# Grain



## oriecat (Jun 29, 2004)

What are all of the factors that affect the grain of a negative?

Last Friday I shot a 10 shot roll (my first bulk loaded roll!) of HP5+ 400 iso.  Shot outdoors in early evening, sunny day, still loads of light.  I used all auto exposure, due to shooting my nephew (2 year old on the go, needed to be quick!)  Developed in Rodinal for 6 minutes.  Might have been a little over zealous on the agitation.

The skin tones are all much grainier than I think I have ever noticed my HP5 to be.  Clearly noticeable even just looking at the negs in the loupe.  The dark tones look fine.

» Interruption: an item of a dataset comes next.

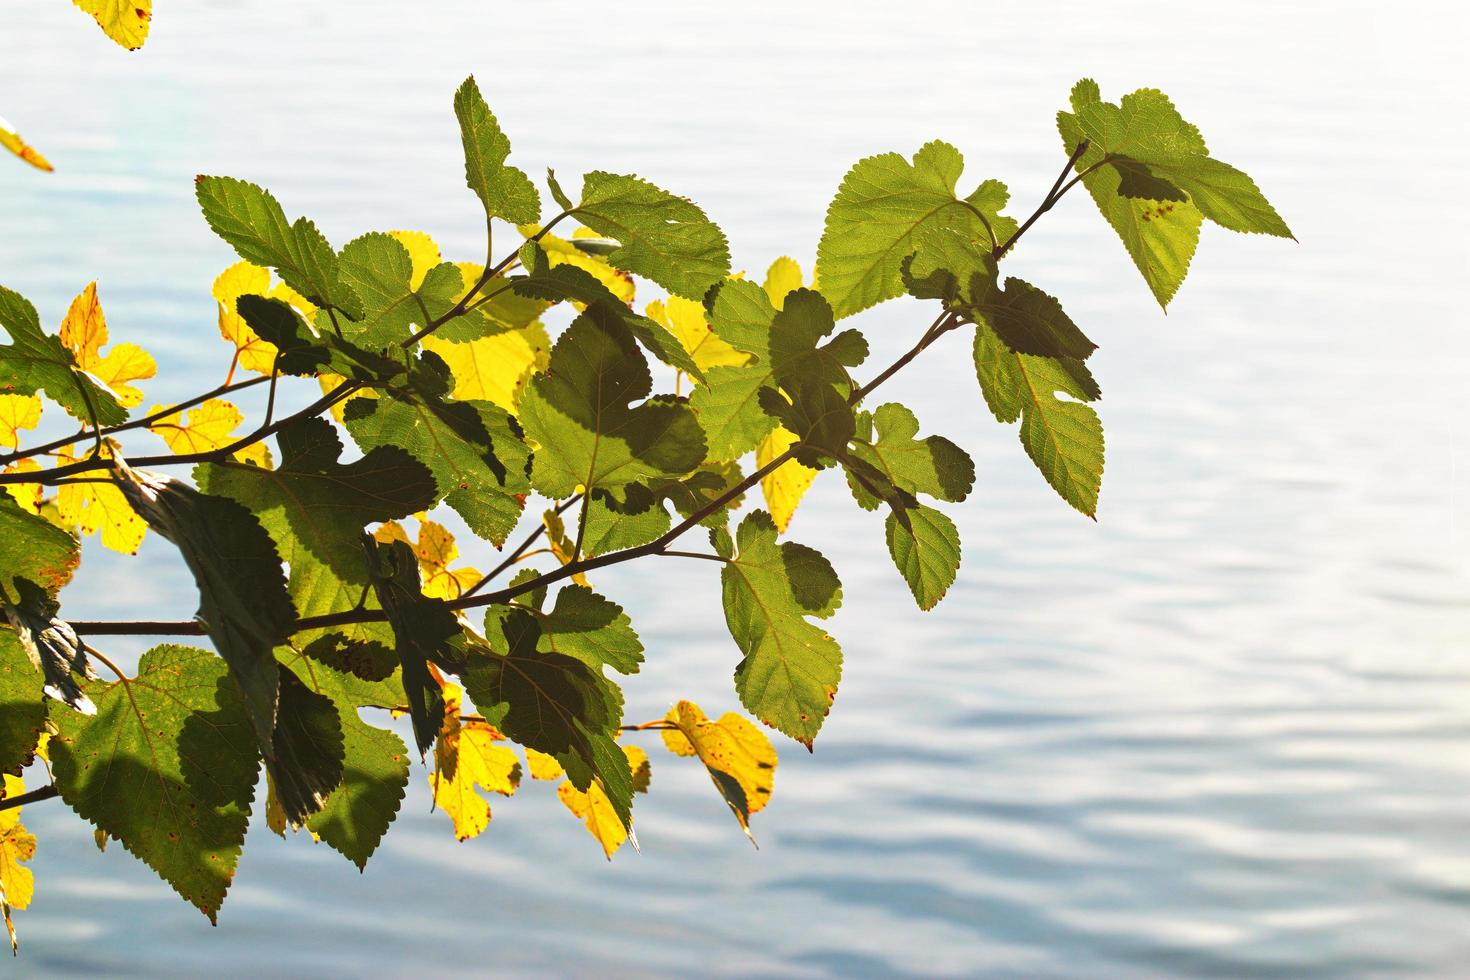 boomtakjes boven water foto

I am just wondering if something I did may have caused it (such as the agitation, or using Rodinal with HP5 (which I don't think I've done before)), or if it's the product of all the factors combined, or maybe the roll of film I got is just grainy, or what...


----------



## Soulreaver (Jun 29, 2004)

Time and dillution affect the size of the grain.
If you overdevelop a neg you'll get bigger grain.
That could happen with a higher temp too.
More dilluted solutions and more time give you a finer grain.

Since you bulk loaded ( congrats!) did you set the iso manually?

Mmmm, just read you can see the grain in the neg...
Thats quite a big grain  :shock:   .Must be something else...
If you agitate too much you can cause uneven development, or somehow getting the chemicals between the layers of the film.

And thats all I know ( if I got i right   )


----------



## oriecat (Jun 29, 2004)

Thanks for your thoughts!   I used the Rodinal at 1+25.  Maybe next time I will try the 1+50 times and see how that looks.

I bought dx-coded canisters, so the cam should have set it to 400 automatically.


----------



## ksmattfish (Jun 29, 2004)

Rodinal tends to produce grainier results than say D76 or ID11.

All of the following tend to increase grain size:
More concentrated developer 
Higher dev temp
Greater agitation
Increased development times
Overexposure


----------



## oriecat (Jun 29, 2004)

Thanks Matt!


----------